Hemofilia – choroba nie tylko królów
Hemofilia to jedna ze skaz krwotocznych - chorób charakteryzujących się skłonnością do krwawień w obrębie tkanek, narządów oraz układów. W przypadku hemofilii przyczyną skazy są zaburzenia krzepnięcia krwi spowodowane defektem genu znajdującego się na chromosomie X, który koduje syntezę osoczowych czynników krzepnięcia.
Krzepnięcie krwi to nic innego niż zamiana rozpuszczalnego białka osocza (fibrynogenu) w przestrzenną sieć fibryny. Proces, który - zwłaszcza u osoby zdrowej - wydaje się być prosty, w rzeczywistości jest skomplikowany i złożony. Bierze w nim udział kilkanaście różnych związków - w tym dwanaście białek osocza, które nazywamy czynnikami krzepnięcia.

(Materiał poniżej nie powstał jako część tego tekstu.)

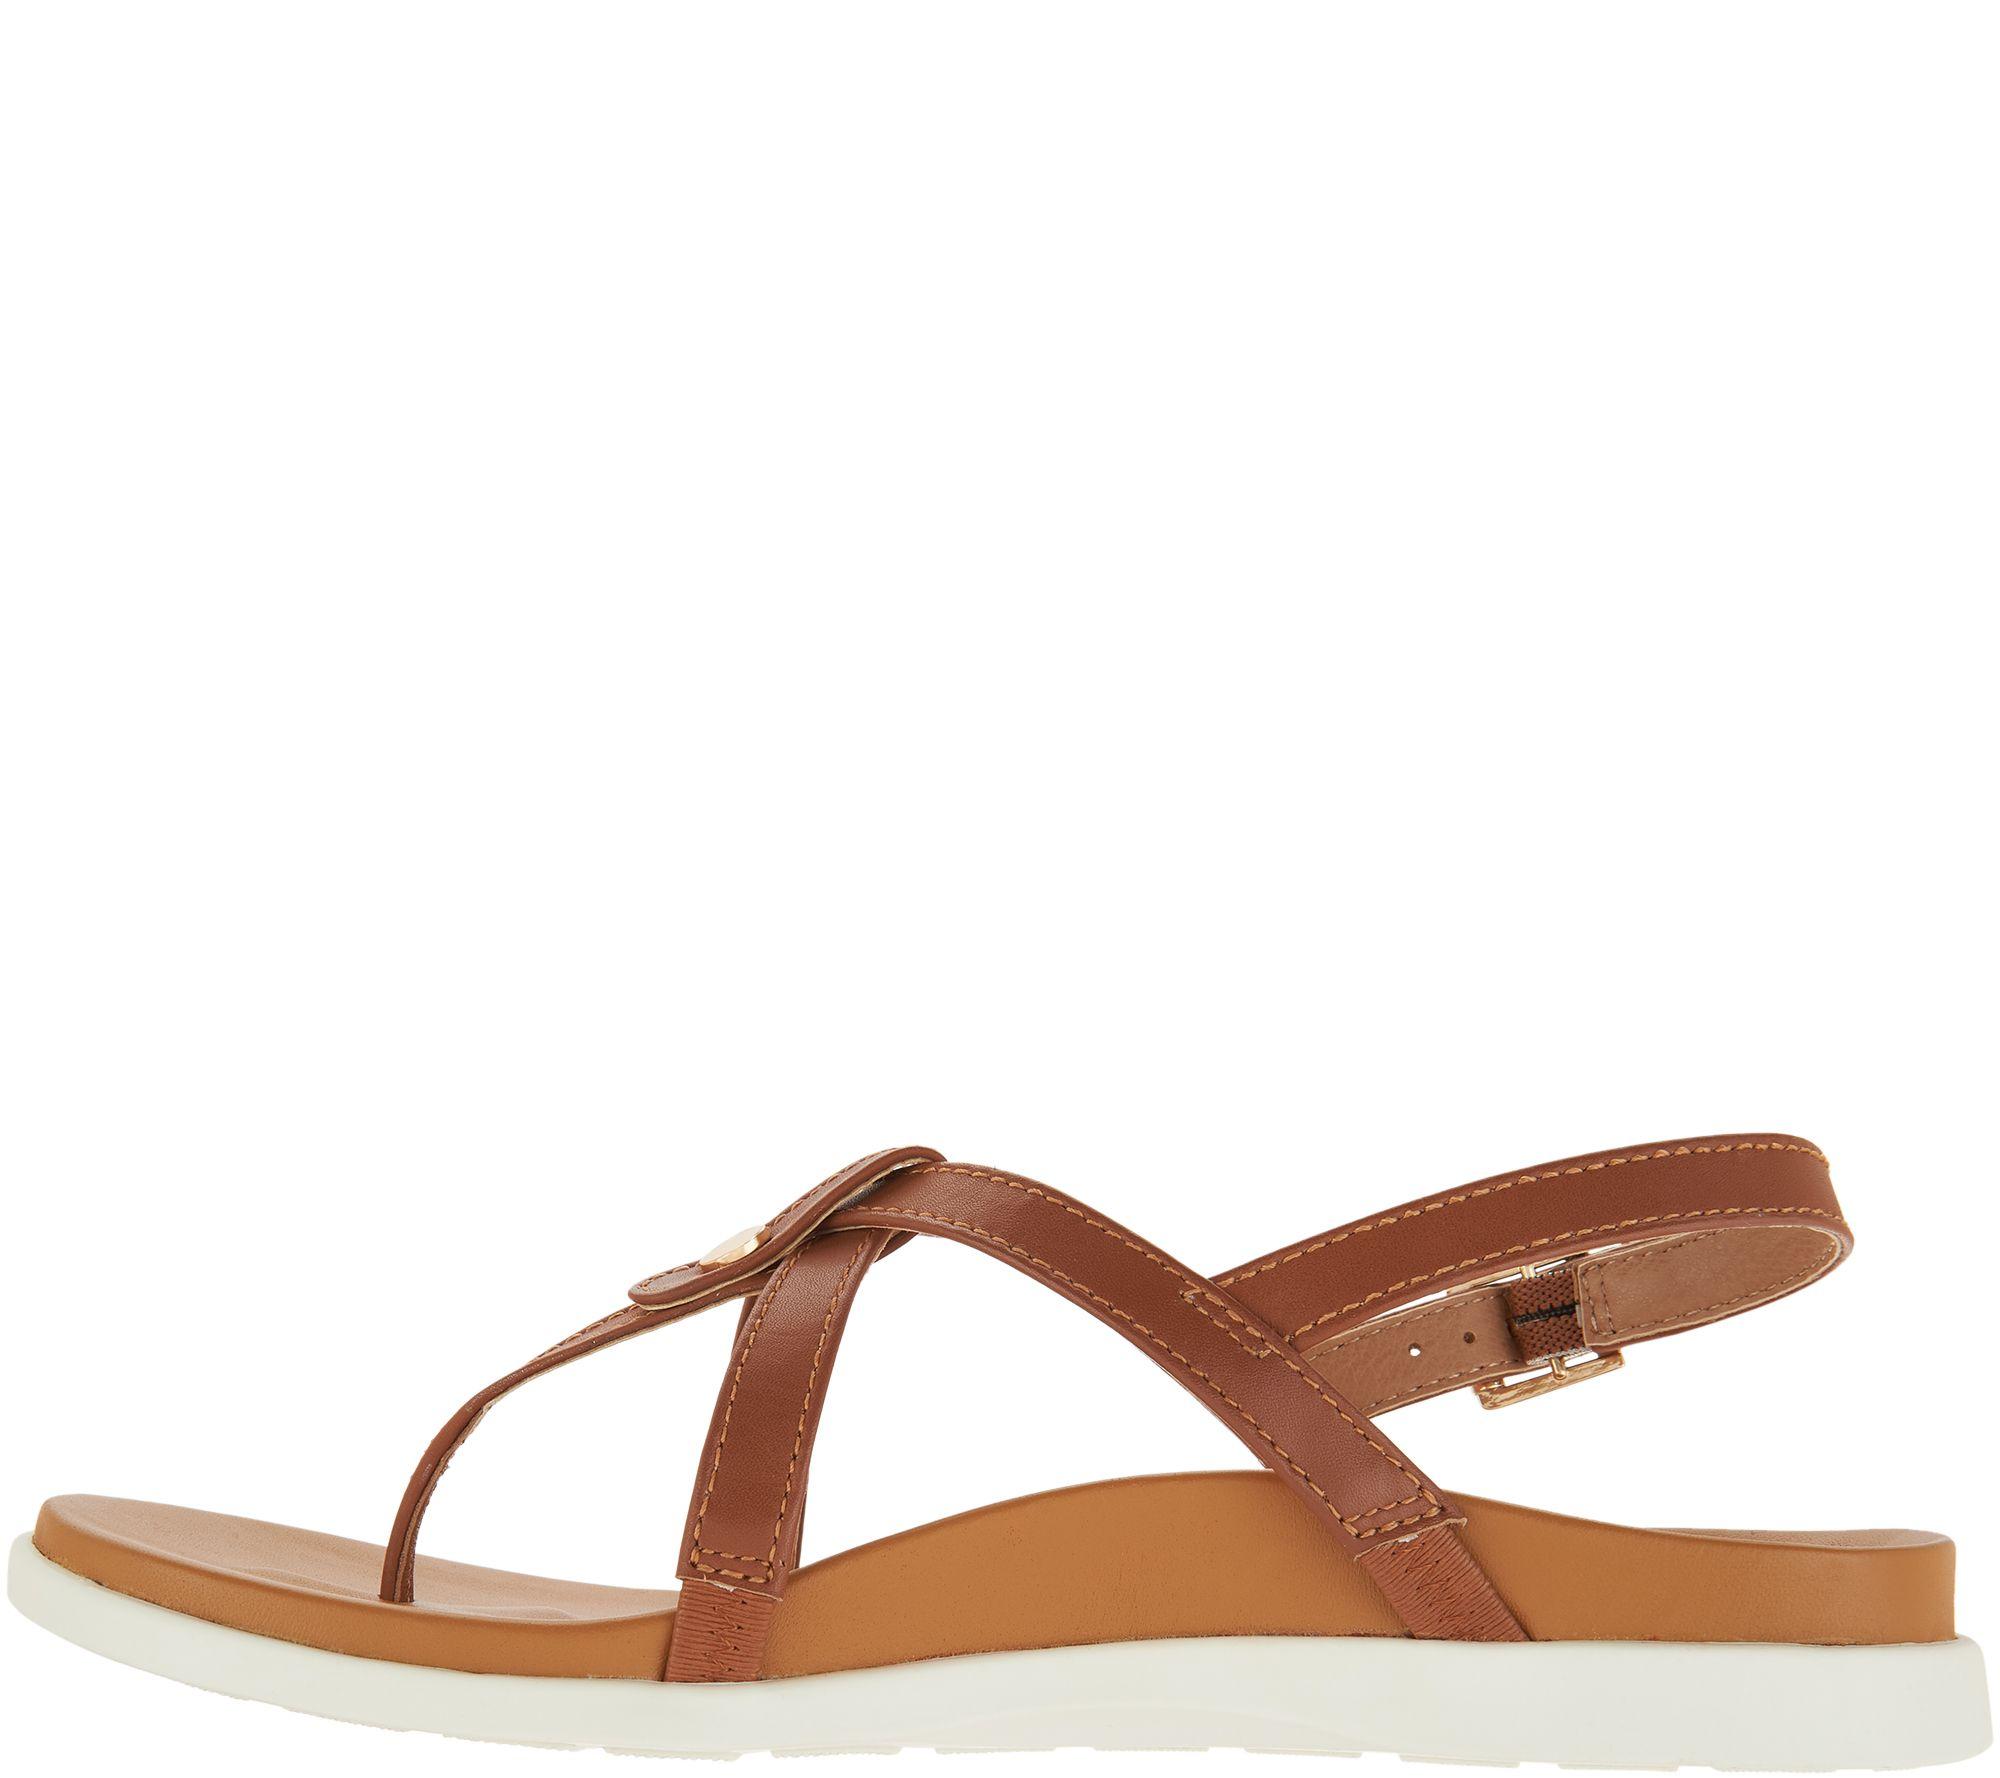 2d525ebaf07ab Vionic Leather Thong Back-Strap Sandals - Veranda - Page 1 — QVC.com

Jako hemofilię A określa się wrodzoną skazę krwotoczną uwarunkowaną zmniejszeniem aktywności czynnika krzepnięcia VIII w osoczu. Hemofilia B spowodowana jest mniejszą aktywnością czynnika krzepnięcia IX. Hemofilia dotyka głównie mężczyzn, natomiast jej nosicielkami są kobiety, ponieważ geny czynników VIII i IX są sprzężone z płcią.
Jak wynika z danych Instytutu Hematologii i Transfuzjologii w Warszawie, który od 1991 r. prowadzi rejestr chorych na skazy krwotoczne, częstość występowania hemofilii w Polsce ocenia się na 1:12 3000 mieszkańców. Do lipca 2011 r. w polskim rejestrze zachorowań znalazło się 4227 osób, w tym 2605 z hemofilią. Hemofilia A występuje w Polsce sześć razy częściej niż hemofilia B. Ciężką postacią choroby dotkniętych jest 53,7 proc. pacjentów z hemofilią A i 48 proc. z hemofilią B.
Znana od wieków
Hemofilia ma bogatą historię - była jedną z najwcześniej opisanych chorób. Pierwsze wzmianki na jej temat pochodzą z ok. 100 roku n.e. Dotyczą żydowskiego prawa, które zezwalało na zwolnienie chłopca z zabiegu obrzezania, w przypadku gdy dwaj starsi bracia dziecka zmarli z powodu krwotoku spowodowanego tym zabiegiem.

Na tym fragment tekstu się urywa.